As mentioned above, this protocol is only concerned with leader election and log replication. It does not specify what log entries are appended to the leader's log nor how they will be received by the leader. Typically this would be through specific management APIs. For example, KIP-497 adds an AlterISR API. When the leader of the metadata quorum (i.e. the controller) receives an AlterISR request, it will append an entry to its log. Additionally, we have taken log compaction out of the scope because this is tied to the semantics of the metadata log. See KIP-630 for more details on compaction.

Common Error Codes: these APIs rely on a common set of error codes which are defined here.

  • INVALID_CLUSTER_ID: The request indicates a clusterId which does not match the value cached in meta.properties.
  • FENCED_LEADER_EPOCH: The leader epoch in the request is smaller than the latest known to the recipient of the request.
  • UNKNOWN_LEADER_EPOCH: The leader epoch in the request is larger than expected. Note that this is an unexpected error. Unlike normal Kafka log replication, it cannot happen that the follower receives the newer epoch before the leader.
  • OFFSET_OUT_OF_RANGE: Used in the Fetch API to indicate that the follower has fetched from an invalid offset and should truncate to the offset/epoch indicated in the response.
  • NOT_LEADER_FOR_PARTITION: Used in DescribeQuorum and AlterPartitionReassignments to indicate that the recipient of the request is not the current leader.
  • INVALID_QUORUM_STATE: This error code is reserved for cases when a request conflicts with the local known state. For example, if two separate nodes try to become leader in the same epoch, then it indicates an illegal state change.
  • INCONSISTENT_VOTER_SET: Used when the request contains inconsistent membership.

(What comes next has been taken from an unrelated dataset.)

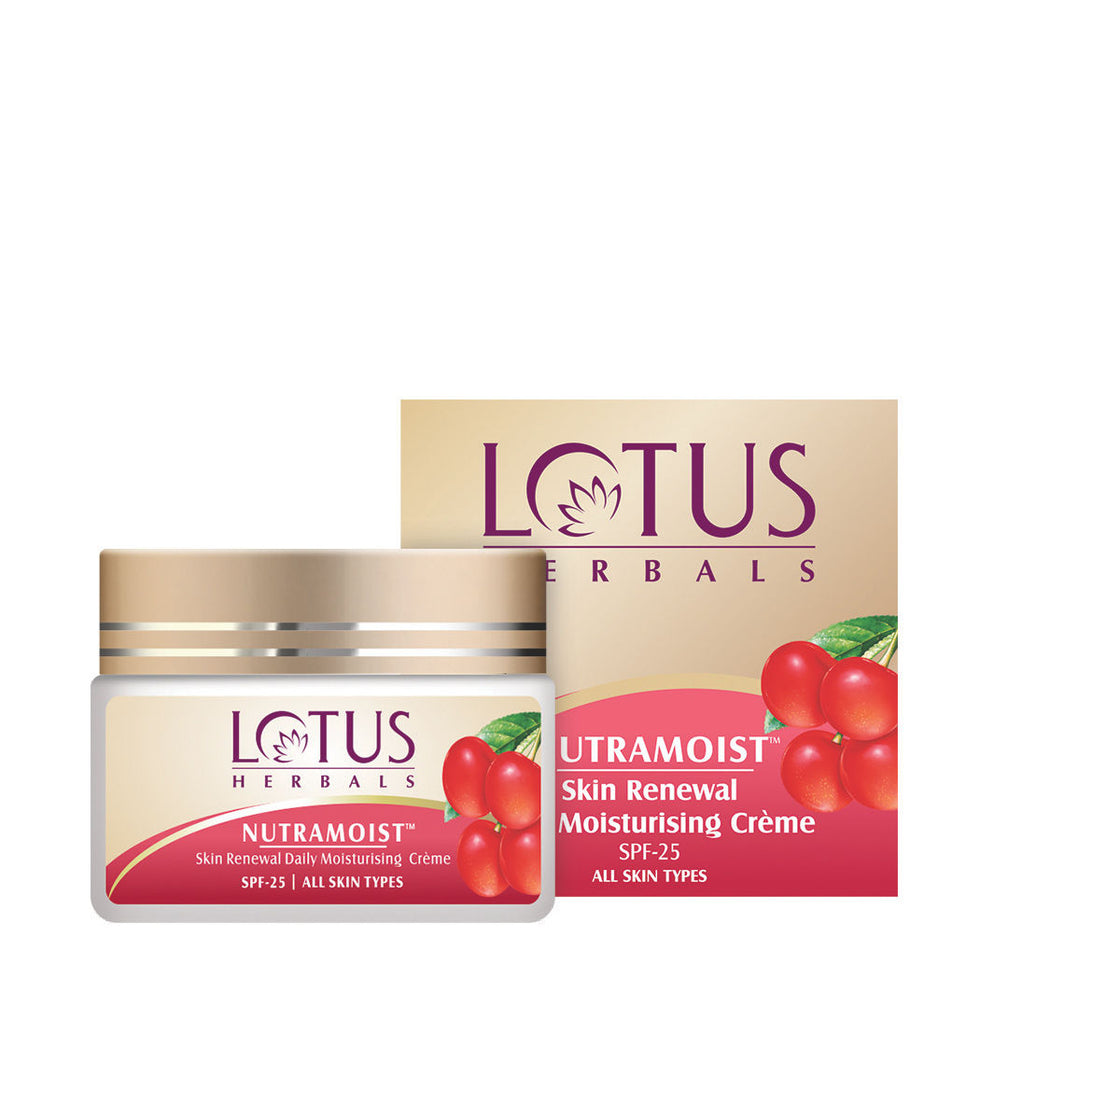 Lotus Herbal Nutramoist Skin Renewal Daily Moisturising Creme SPF-25 (50g)

Below we describe the schema and behavior of each of these APIs. 

Vote

The Vote API is used by voters to hold an election. As mentioned above, the main difference from Raft is that this protocol is pull-based. Voters send fetch requests to the leaders in order to replicate from the log. These fetches also serve as a liveness check for the leader. If a voter perceives a leader as down, it will hold a new election and declare itself a candidate. A voter will begin a new election under three conditions:

  1. If it fails to receive a FetchResponse from the current leader before expiration of quorum.fetch.timeout.ms
  2. If it receives a EndQuorumEpoch request from the current leader
  3. If it fails to receive a majority of votes before expiration of quorum.election.timeout.ms after declaring itself a candidate.

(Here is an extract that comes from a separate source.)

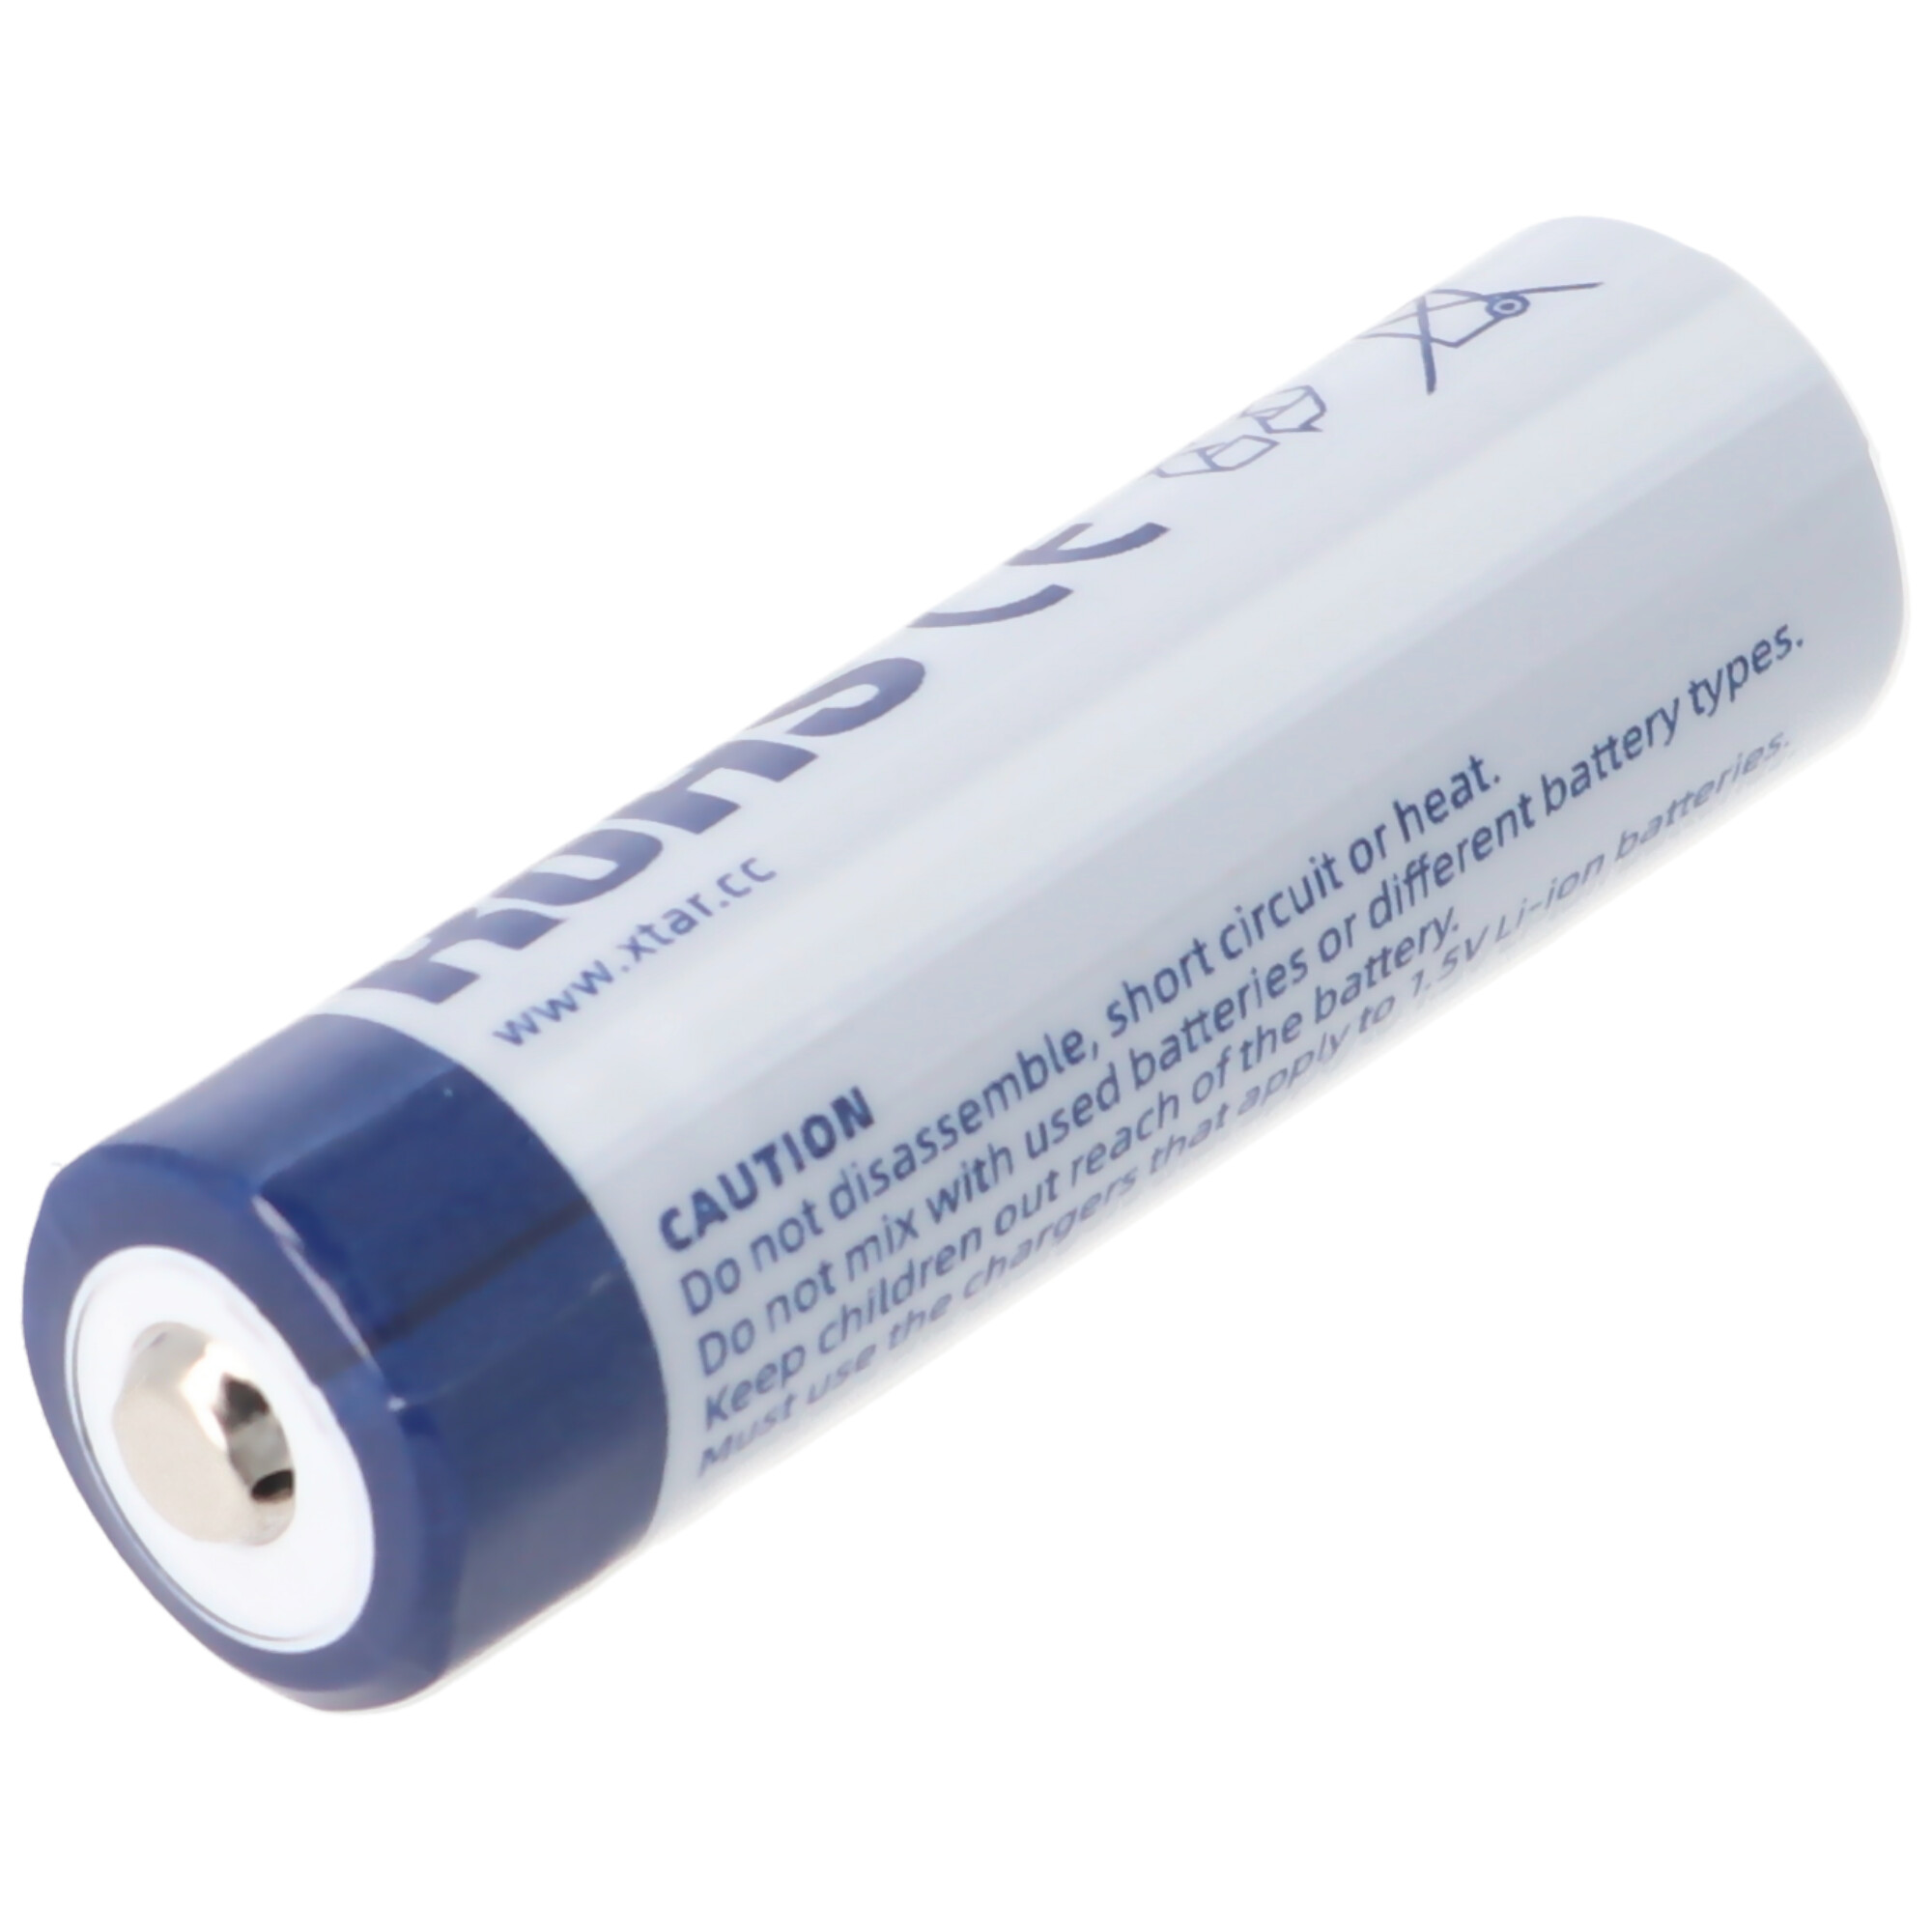 Batterie au lithium-ion AA 1.5V 3300mWh généralement 2000mAh rechargeable  uniquement avec un chargeur spécial, Li-ion 14500, Batteries par taille, Batteries

A voter triggers an election by first voting for itself and updating the quorum-state file. Once this state is persistent, the voter becomes a candidate and sends a VoteRequest to all the other voters. Note that voters, including candidates, are not allowed to change their vote once cast in a given epoch.

New elections are always delayed by a random time which is bounded by quorum.election.backoff.max.ms. This is part of the Raft protocol and is meant to prevent gridlocked elections. For example, with a quorum size of three, if only two voters are online, then we have to prevent repeated elections in which each voter declares itself a candidate and refuses to vote for the other.

Leader Progress Timeout

In the traditional push-based model, when a leader is disconnected from the quorum due to network partition, it will start a new election to learn the active quorum or form a new one immediately. In the pull-based model, however, say a new leader has been elected with a new epoch and everyone has learned about it except the old leader (e.g. that leader was not in the voters anymore and hence not receiving the BeginQuorumEpoch as well), then that old leader would not be notified by anyone about the new leader / epoch and become a pure "zombie leader", as there is no regular heartbeats being pushed from leader to the follower. This could lead to stale information being served to the observers and clients inside the cluster.

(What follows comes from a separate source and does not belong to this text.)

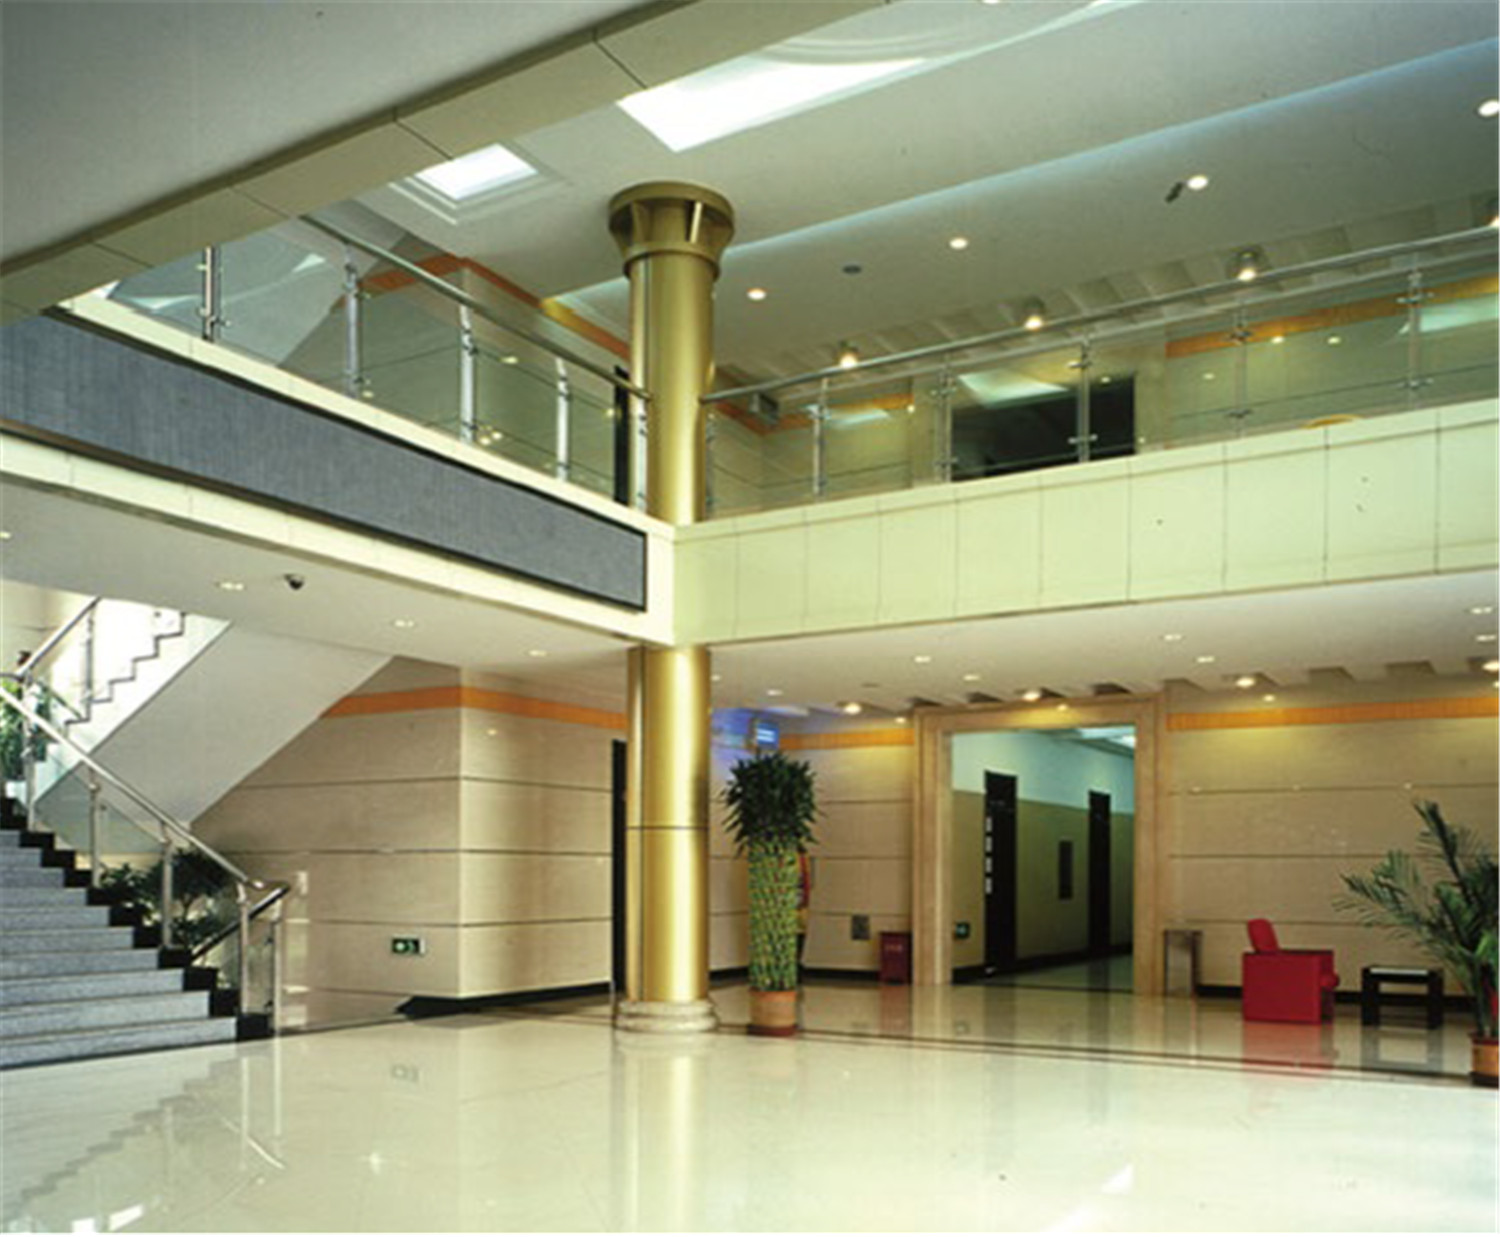 哈尔滨中国标准铅笔公司办公楼

To resolve this issue, we will piggy-back on the "quorum.fetch.timeout.ms" config, such that if the leader did not receive Fetch requests from a majority of the quorum for that amount of time, it would begin a new election and start sending VoteRequest to voter nodes in the cluster to understand the latest quorum. If it couldn't connect to any known voter, the old leader shall keep starting new elections and bump the epoch. And if the returned response includes a newer epoch leader, this zombie leader would step down and becomes a follower. Note that the node will remain a candidate until it finds that it has been supplanted by another voter, or win the election eventually.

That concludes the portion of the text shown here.